Final Report Prompts
First Draft
Please note that the first draft of the report should be submitted in the MDPI Rticles format with all citation metadata included in a separate .bib file and referenced in-line.
Introduction
Your introduction should be 300-500 words and should introduce your project to an audience unfamiliar with our capstone course. This section will be some combination of your problem definition, sponsor description, the scope of your solution, and an outline of the remaining sections of the report.
As you prepare your introduction, you should think about how you can synthesize some of what you wrote in these earlier sections into a piece writing that will frame your project to an unfamiliar audience.
Note that this will require more than just copying and pasting previously written sections of the report. You should think carefully about how to integrate this writing in a meaningful way to introduce your project.
Data Description
In 300-500 words, introduce the data resources that you will be working with to a lay audience. Some teams might not yet know all of these data sources, so you need only detail the ones that you know you will be working with.
I have found in the past that detailing datasets to an audience unfamiliar with that data is really challenging. We have a tendency to want to describe the data’s technical details rather than summarizing more generally what the data represents. I’ve included an example below to help you think through how to approach this. At the very least this section should include:
- What the data represents
- Who produced it
- Its observational unit
- Some variables that describe that observational unit (but be careful about getting too technical here)
- A bit of its history/context
- A few data limitations
To address this problem, we analyzed a dataset put out by the US EPA [<– who produced it] that documents the environmental compliance and enforcement history of every EPA-regulated facility in the US, including prisons [<– what it represents]. For every EPA-regulated facility in the US in a given year [<– observational unit], the dataset reports information such as the permits the facility has been awarded, enforcement actions taken against the facility, and penalties it has assessed [<– variables]. The EPA has been integrating this data from a number of different compliance databases for major federal regulations (such as the Clean Air Act and the Safe Drinking Water Act) for over ten years [<– history/context]. The data tends to be more comprehensive for larger facilities than for smaller facilities and does not include information about compliance with all environmental laws [<–limitations].
Detailed Methodology
This section should be about 800-1000 words. This is going to look quite different for each of the projects. This section might include things like:
- How did you acquire the data?
- How did you clean and format the data?
- How did you integrate the data?
- How did you determine which metrics to use or how to calculate certain metrics?

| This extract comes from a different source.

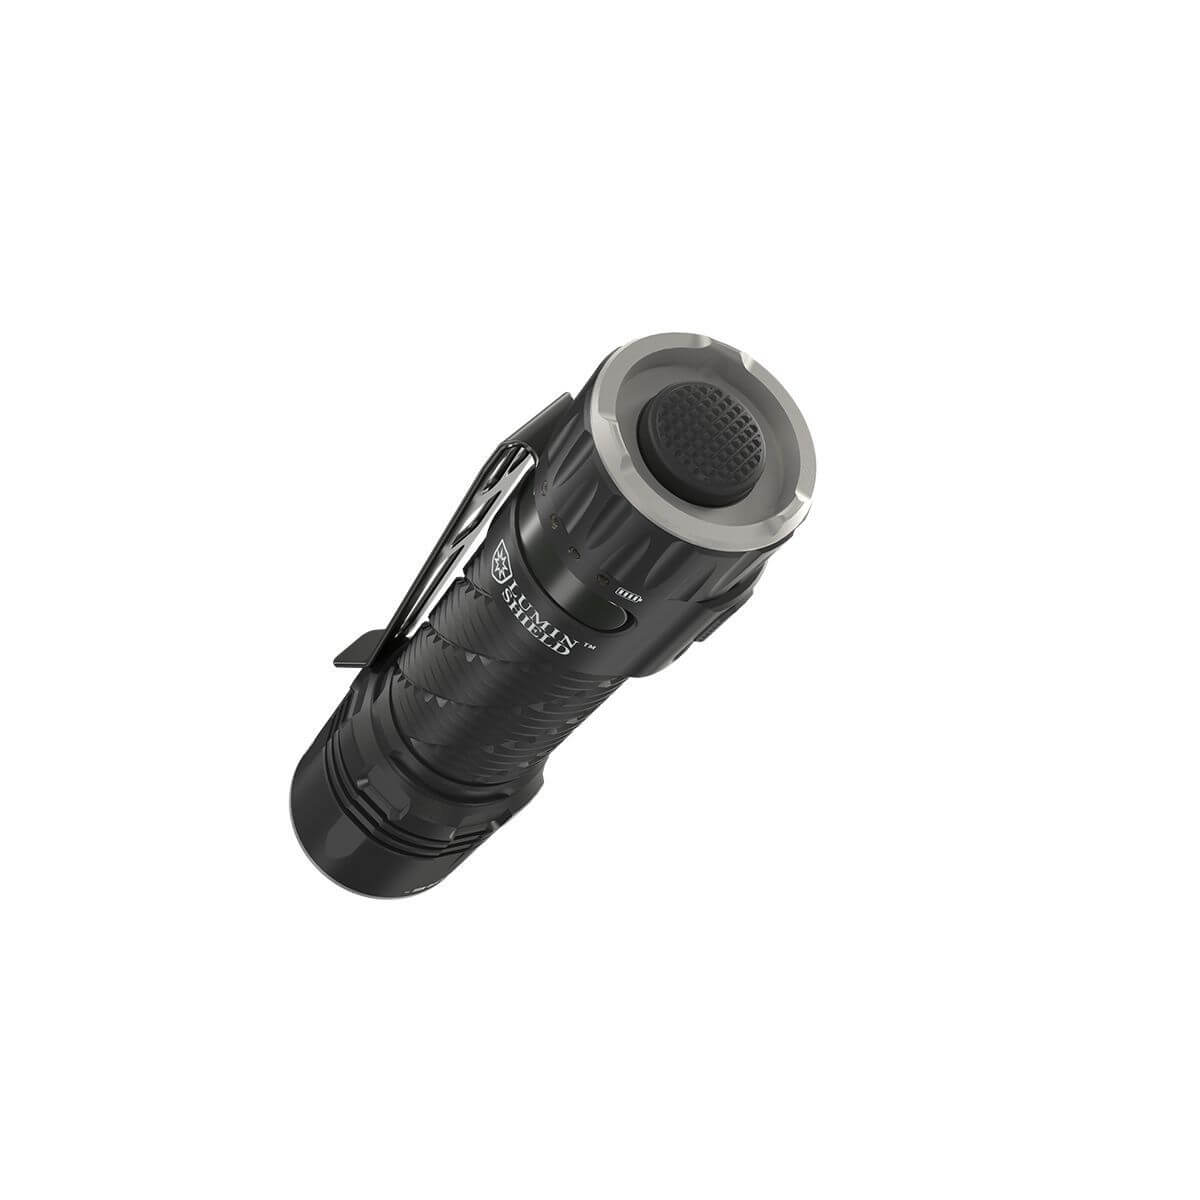 Pre-order Nitecore EDC35 5,000 Lumens Tactical EDC Flashlight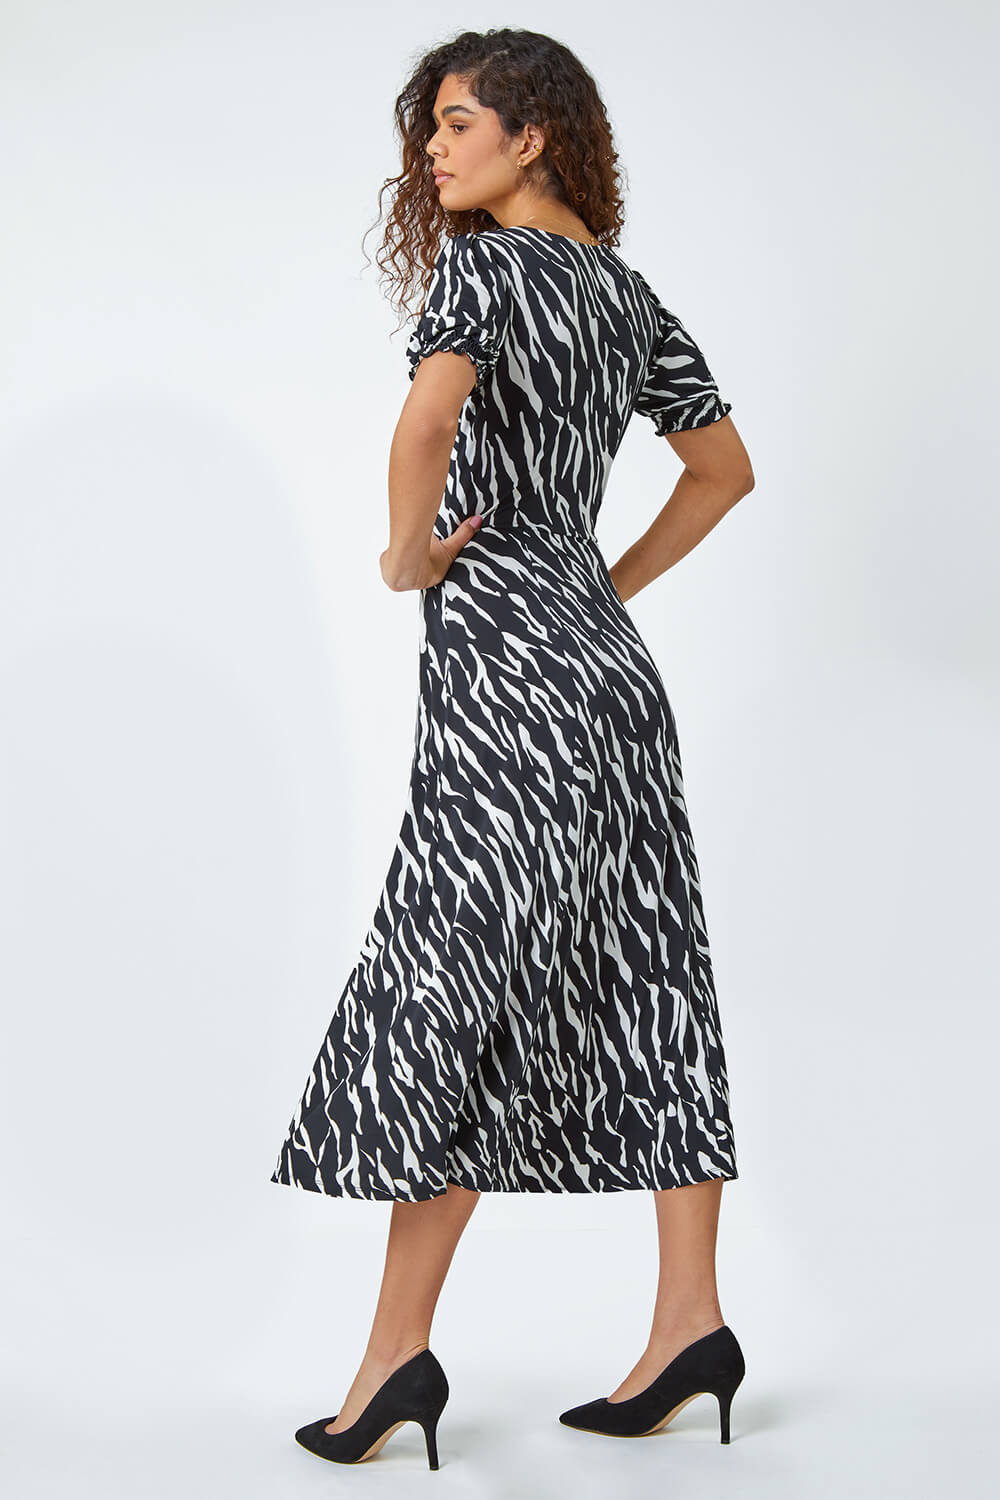 Black Zebra Print Stretch Ruched Midi Dress, Image 3 of 5

- How did you analyze the data?
- What assumptions did you have to make when drawing conclusions from the data?
- How did you automate certain processes?
- What was the purpose of certain key functions you wrote?
- Why did you select certain plots to visualize the data?
As you are drafting this section, I encourage you to think about the key information a non-technical audience would need in order to understand how you plugged along towards the development of your deliverables. Remember that this is a draft, and aspects may change or be extended as you continue the project.
Findings/Outputs
This section should be about 600-800 words. This is going to look quite different for each of the projects, depending on the scope of your deliverables. This section might include things like:
- What were the primary findings of your statistical analyses (in relation to original research questions)? (e.g. “We found that…[give us key numbers, stats, and summaries of figures].”)
- What were some of the secondary findings of your analyses (perhaps beyond the scope of the original research questions)?
- How might we contextually interpret the project findings? (e.g. “This indicates that…”)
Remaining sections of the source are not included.